To date, Iran exercises the most oppressive policies against its Kurdish population. Kurds have no constitutional rights in Iran. Every attempt to establish Kurdish representation within Iran has lead to the death and disappearance of prominent Kurdish political figures and activists. Islamic State gains in Iraq have opened the door for the Iranian military to intervene on behalf of the Shia population while settling in disputed areas inside Iraq and near the borders of the KRG. As if its oppressive policies towards the Kurds were not bad enough within its own country, Iran can also be seen as a direct threat to the sovereignty of the KRG.

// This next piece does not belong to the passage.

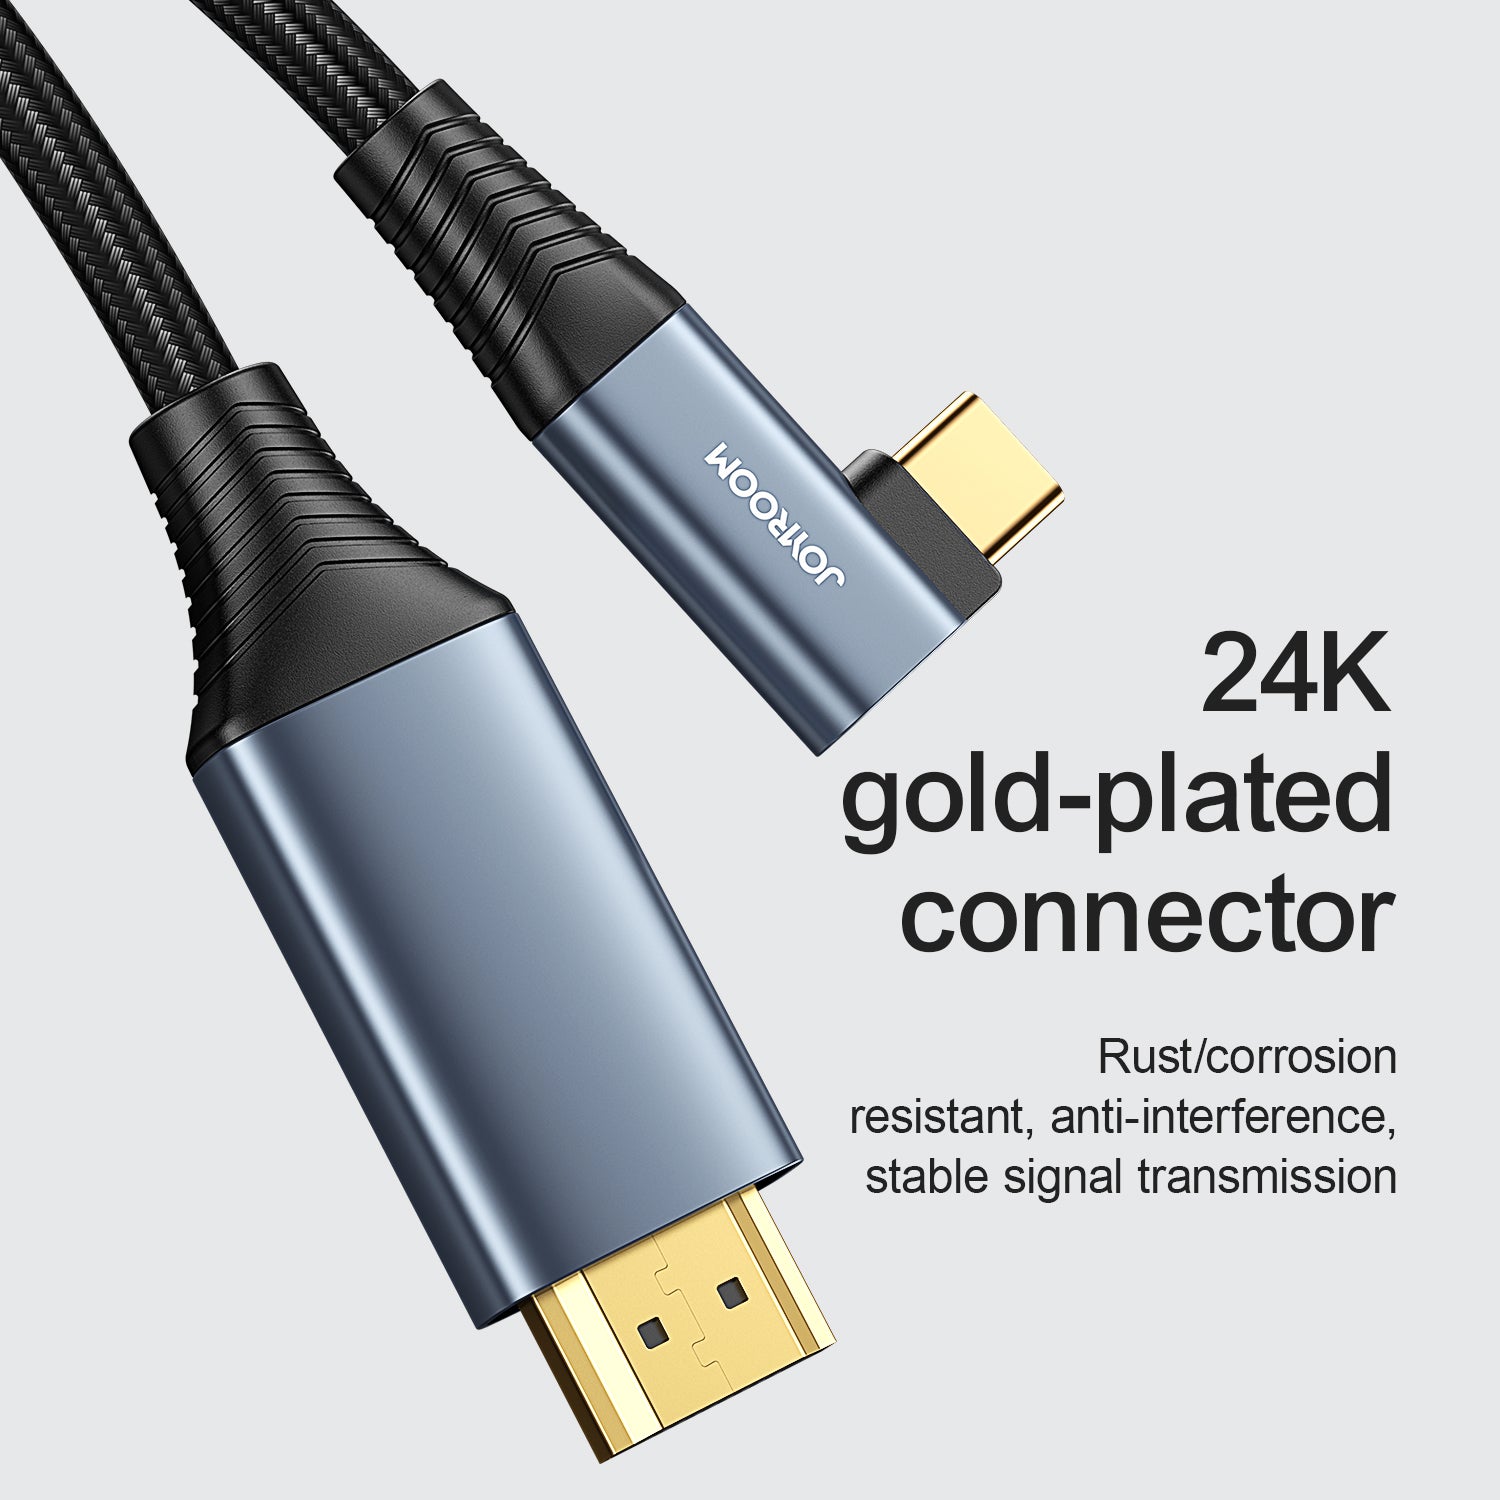 Type-C to HDMI 4K Cable 2m
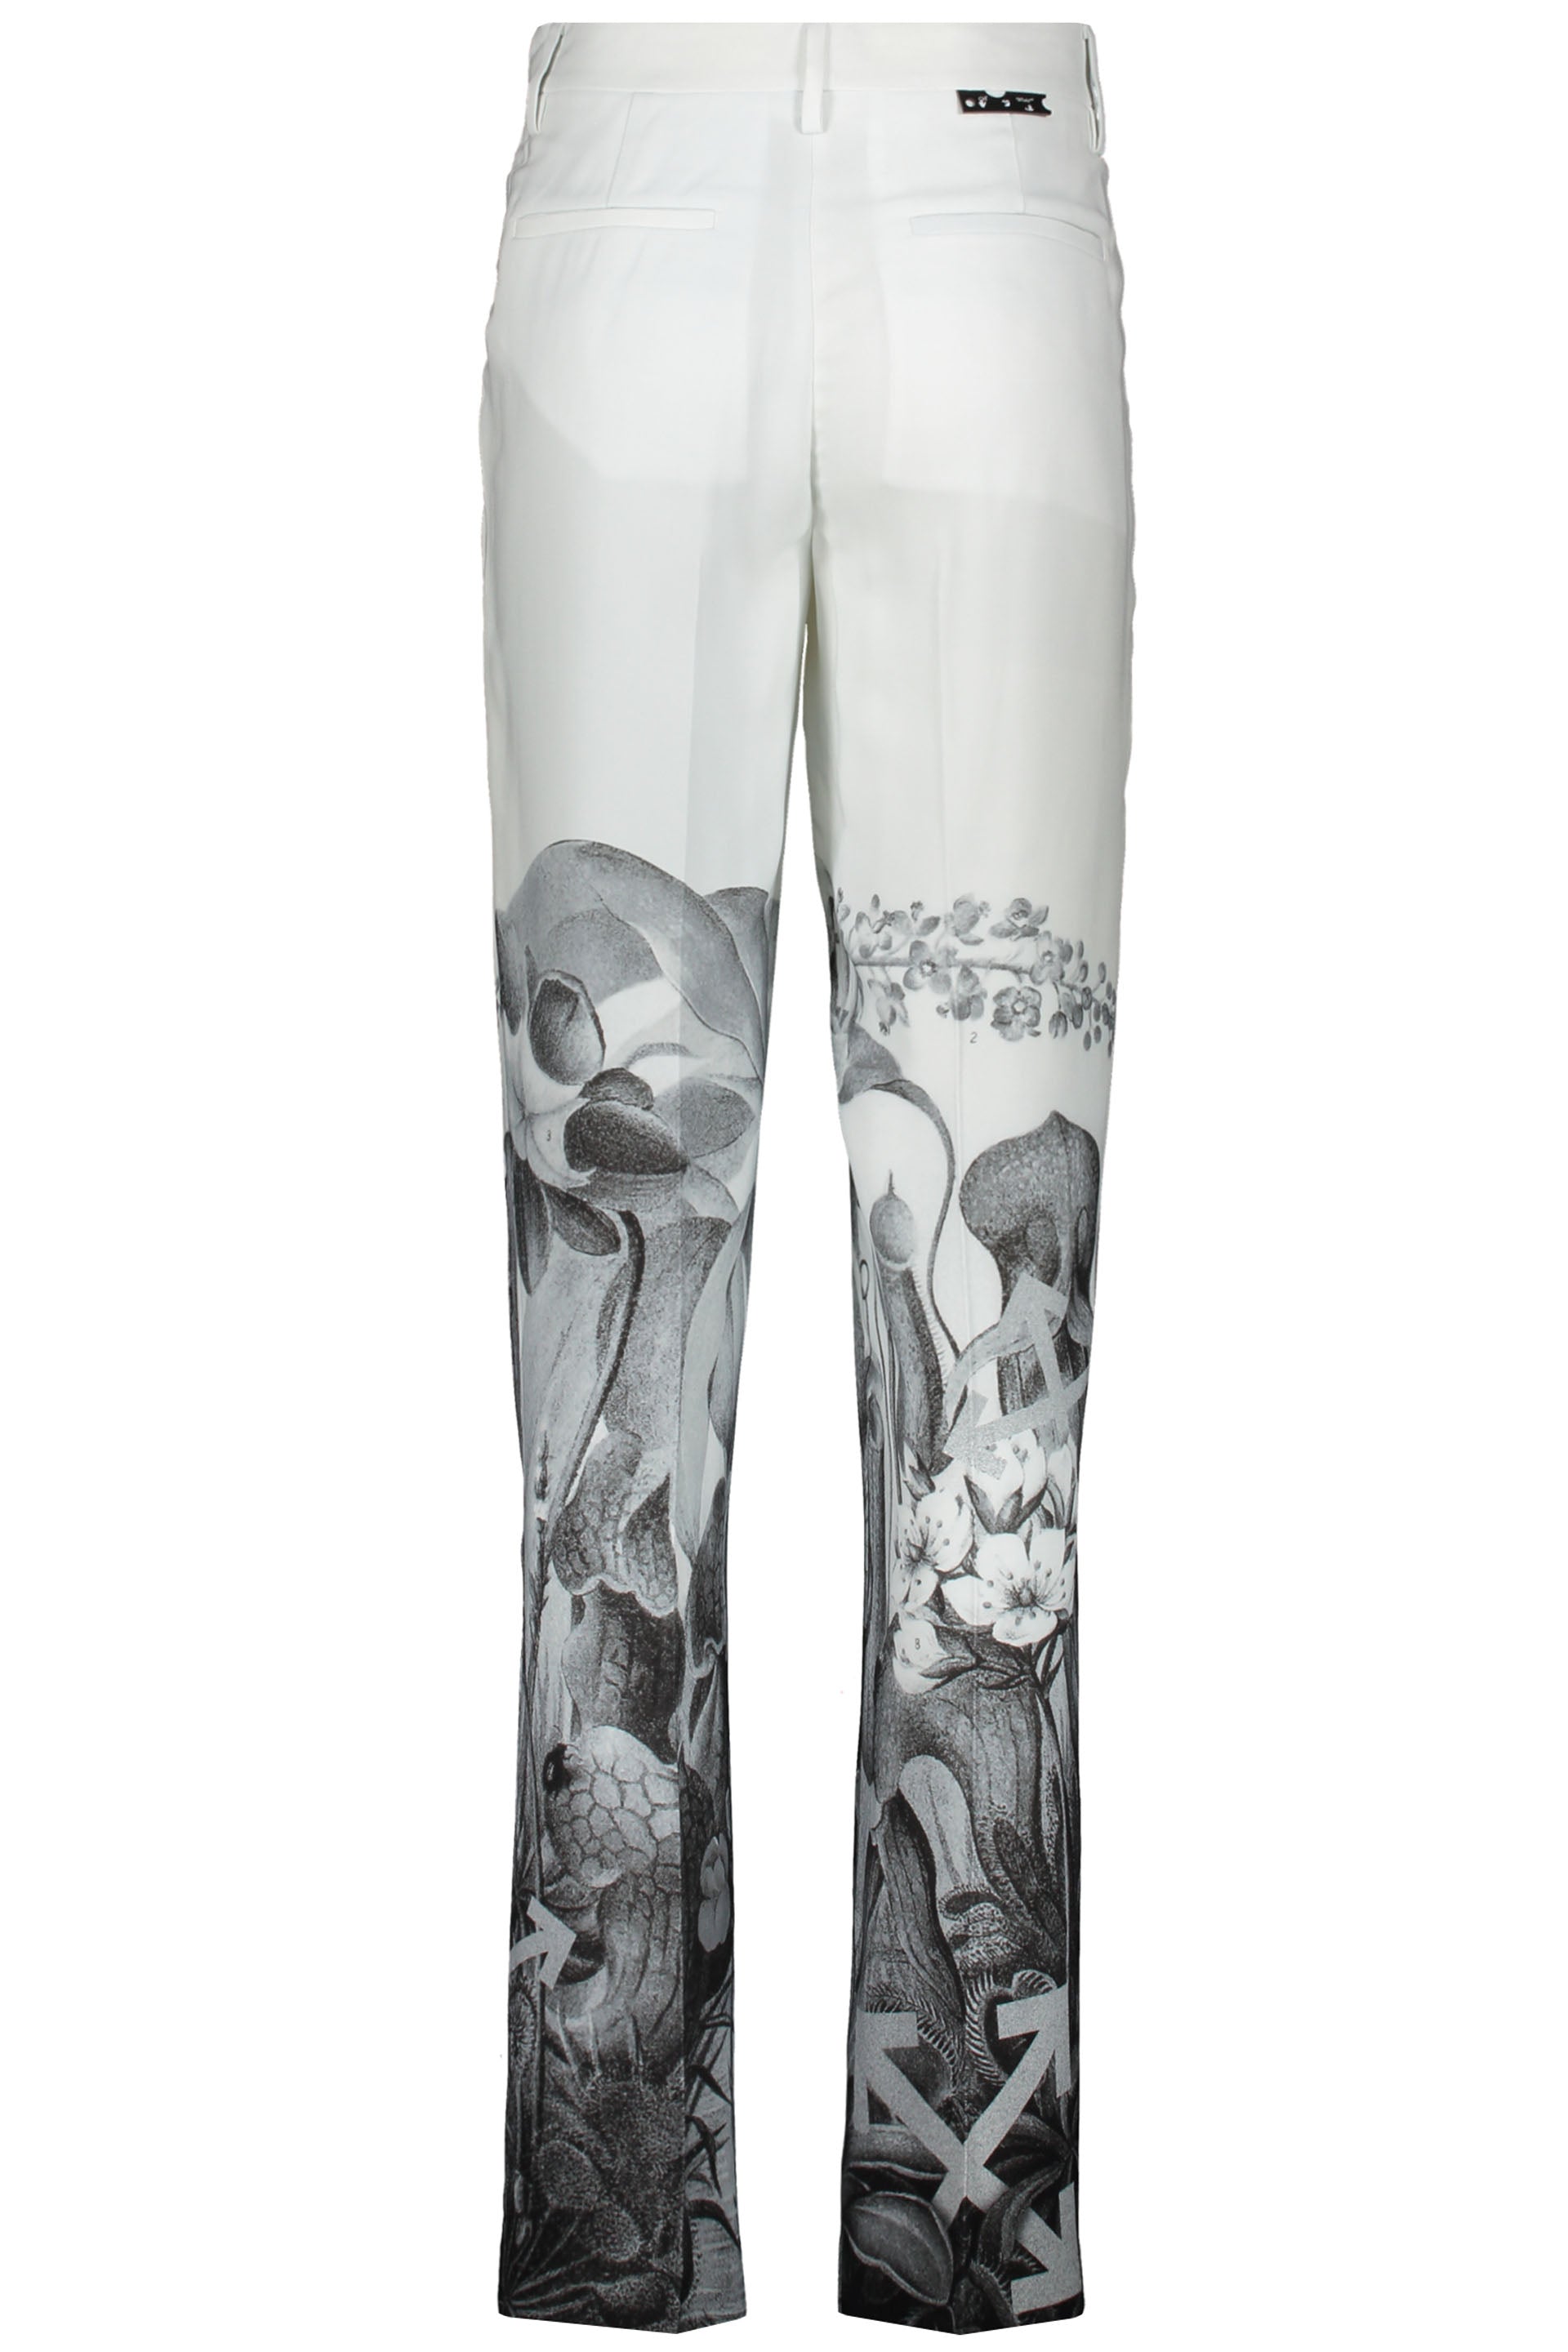 Off-White-OUTLET-SALE-Printed-trousers-Hosen-ARCHIVE-COLLECTION-2.jpg

Today, the Kurds are amongst the most progressive and democratic people in the Middle East. A century of subjugation has compelled the Kurds to implement democracy beyond the criteria of race, ethnicity, race or gender.
Partitioned into four other countries, the Kurds were expected to assimilate and relinquish their own identity through varying policies of subjugation. Fortunately for my people, our spirit and nationalism could never be subjugated to such a degree. We should be viewed as a model of stability in a very unstable region rather than a threat to the national sovereignties of the countries in which we reside. Like any other ethnicity in the world, we deserve a homeland of our own. Given today’s geopolitical climate in the Middle East its due time we reconsider the artificial borders that have separated my people and instead create countries based on natural borders of identity.
• Hemin Qazi is director of business development for Kurdistan 24 News.